学生の言葉づかい

 4月はじめの事。ゼミ志望のための研究室訪問では僕のシラバスを読んでアメリカ文化に関心のある学生がくるので、「アメリカ文化の何に関心があるの?」という質問をした。するとある学生から「映画?」という答えが返ってきたのでした。僕が質問したのに質問が返ってきたので戸惑って聞き返すと、また「映画?」と繰り返す。
 少しして「私は映画に関心があるのですが、この答えでいいですか?」という意味である事を理解した。「映画です」と言えば済むのに。このような単語だけでの会話は言葉を学び始めた幼児や外国人の場合にはあり得る。でも教員による面接のような場面でこの言葉づかいは明らかに非常識。
 単語から文節または文へと進んでいく言葉を学ぶプロセスからすると如何にも幼稚な気がする。
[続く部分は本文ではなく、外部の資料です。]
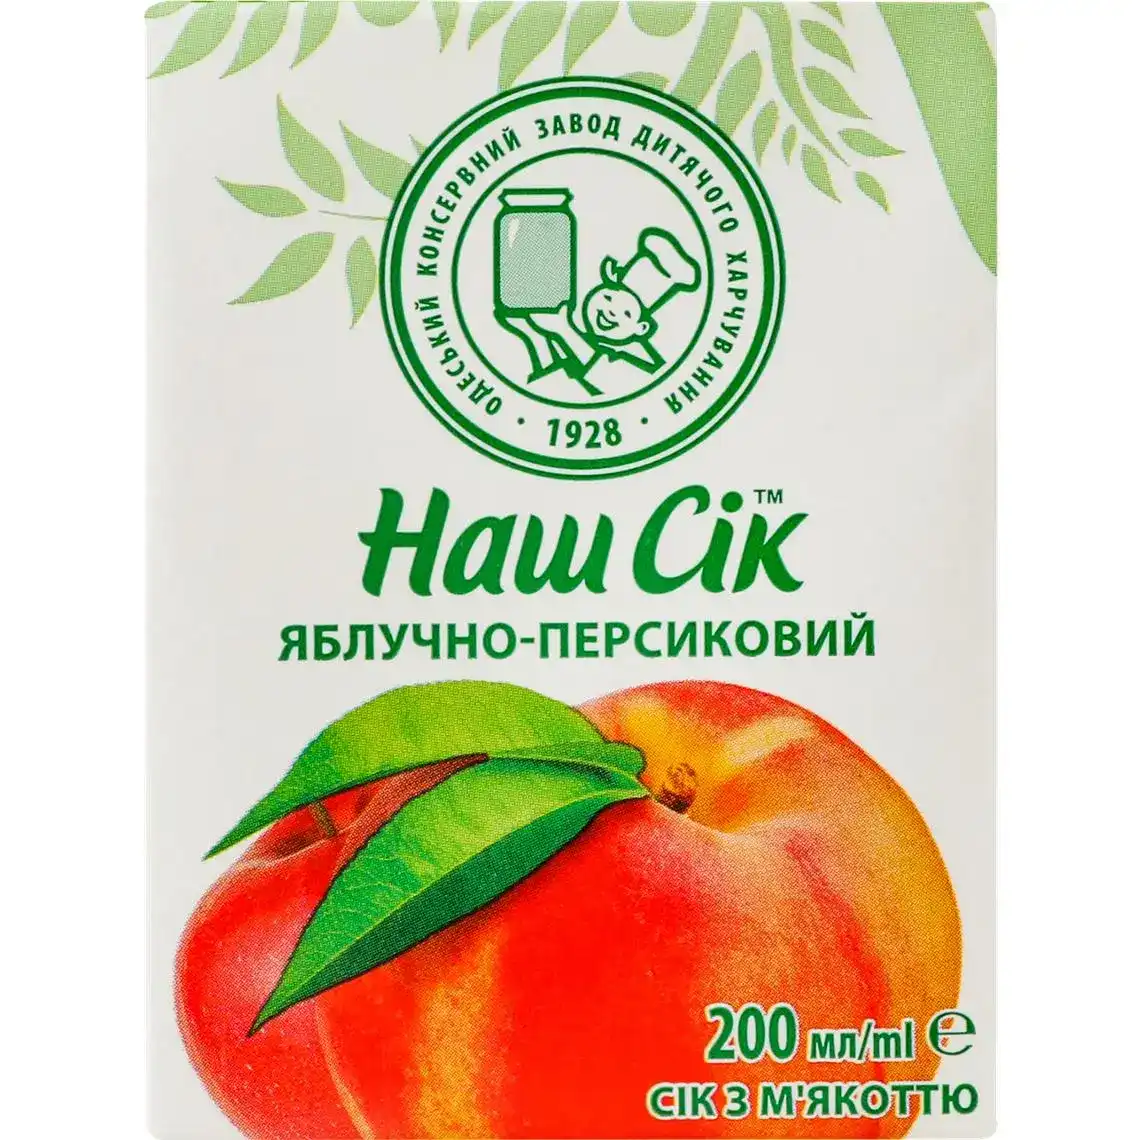 Сік Наш сік яблучно-персиковий з м'якоттю 200 мл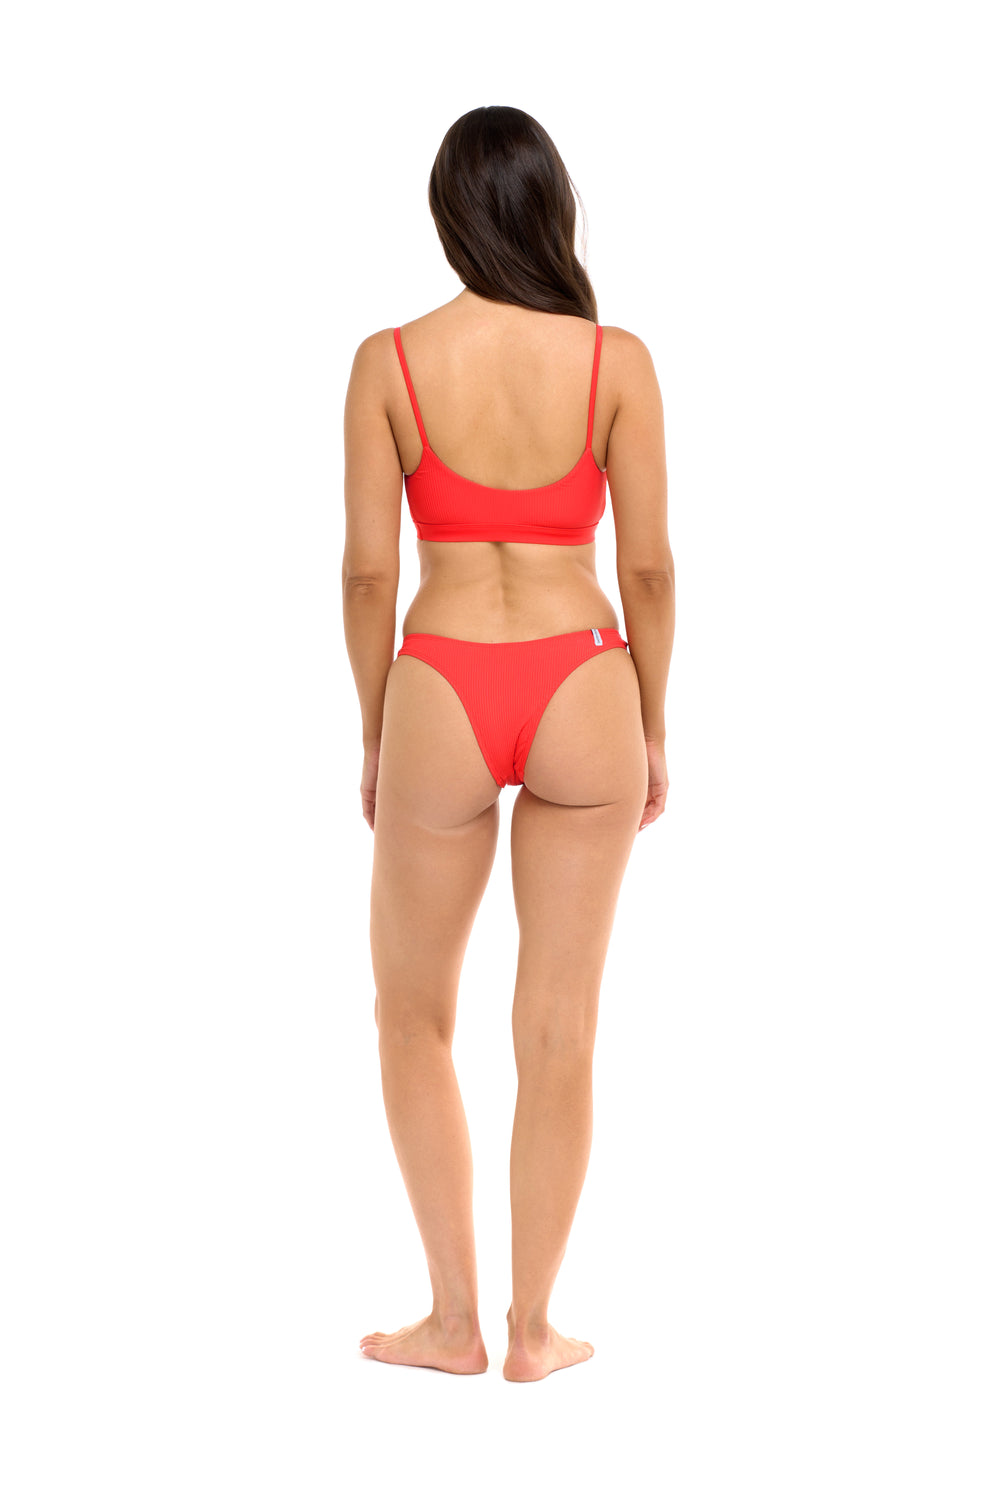 Body Glove Ibiza Dana High-Hip Bikini Bottom - Snapdragon

また単語だけで会話をしようとすると、微妙なイントネーション、それを理解してくれる仲間、コンテキストなど多くの言葉をとりまく要素を必要とするので、却って難しいような気もする。
 もっと重要なのは仲間内で通用する言葉使いが別な場面では失礼に当たるとか、理解されないという想像力が欠けている事。
 その学生は、僕が耳が悪いか(それもあります)か、気難しいと思ったのか、僕のゼミを志望してきませんでした。